Counterfeit Gospels Review

Book Review: 

Imagine you are taking your first trip to the United States. As a tourist, you decide to stop in a local shop to get a gift. After paying for the gift, the cashier gives you a $15 dollar bill. You continue on your way not realizing that you have just been given a counterfeit bill. It is only later that you are told the bill is a fake. But how were you supposed to know. You were only a tourist. You were not familiar with the dollar. But what if you were handed a counterfeit of a greater importance; of ultimate importance? How would you spot it? How would you know?

Counterfeits are only recognizable when we know the real thing. Even when we know the real thing, counterfeits can be very hard to spot. In his book, Counterfeit Gospels, Trevin Wax uncovers and exposes the top six counterfeit gospels that are plaguing the church today.

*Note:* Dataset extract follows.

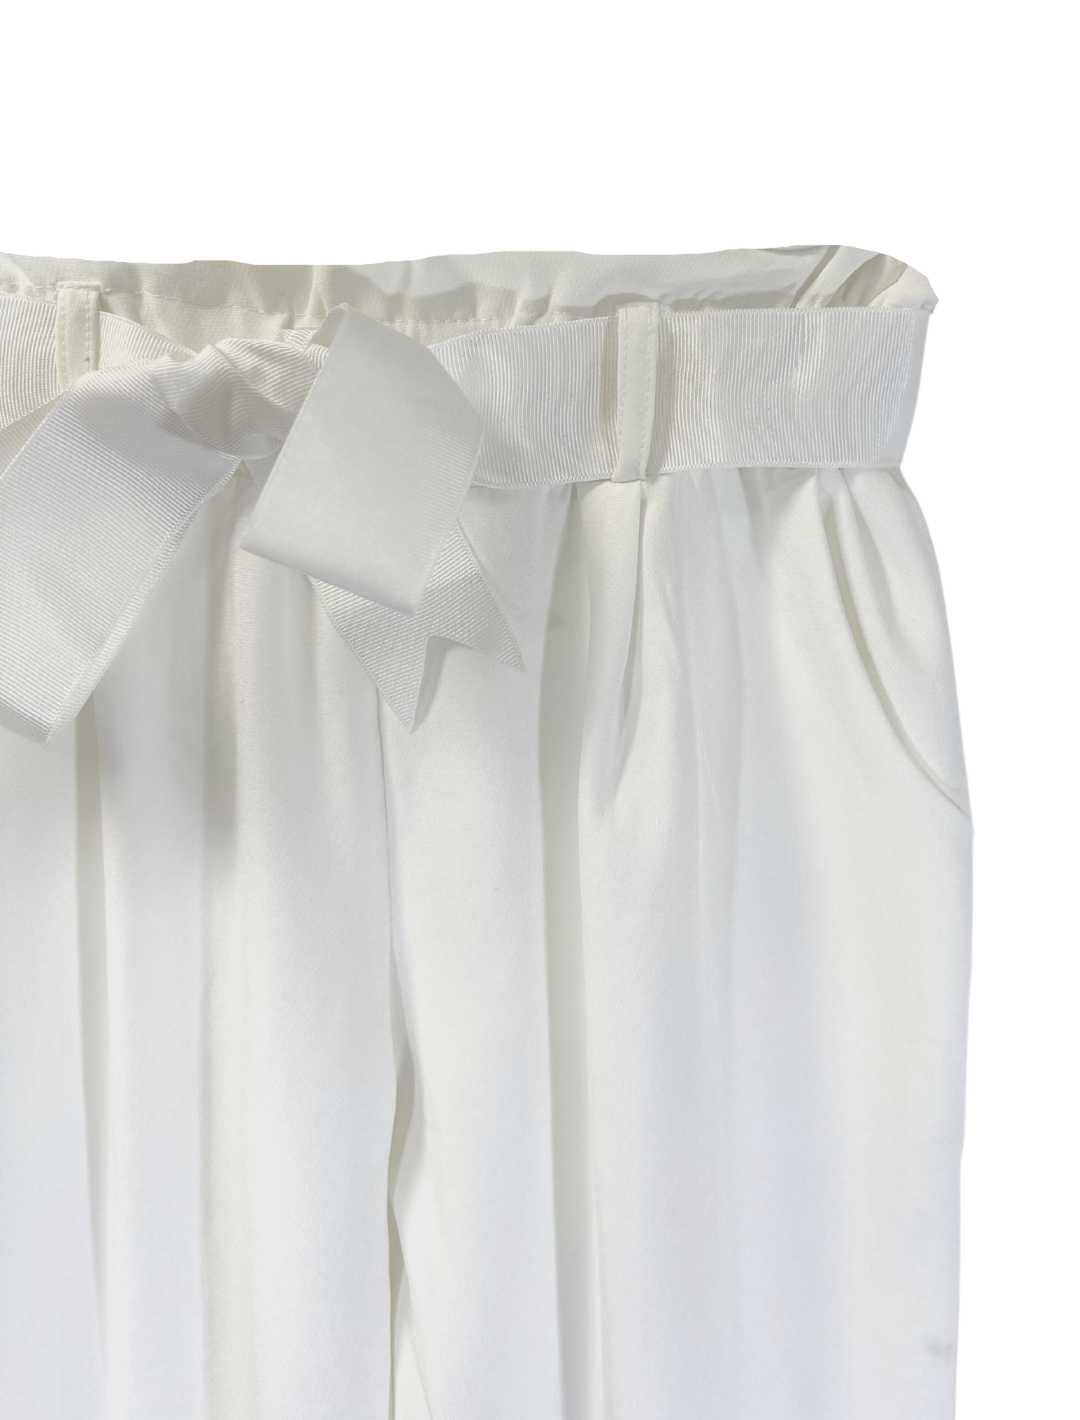 InCity Girls Tween 7-14 Years White Ribbon Belt Elastic Waist Straight Leg Comfy Fashion Dress Pants InCity Boys Girls

These six counterfeits are the “therapeutic, judgmentless, moralist, quietest, activist and churchless.” Throughout the book, Wax shows us why these counterfeits are appealing to us while at the same time teaching us how to counter them. These counterfeits attempt to rob God of his glory and our joy. Only the gospel can satisfy our deepest longings. Wax writes “a counterfeit gospel will always leave our souls impoverished at just the point we should be enriched. Counterfeits leave our hearts and affections for God depleted at just the time we should be overflowing with passion to share the good news with others” (pg. 13). Thus, Wax doesn’t just expose counterfeits, he shows us the real thing; the true gospel.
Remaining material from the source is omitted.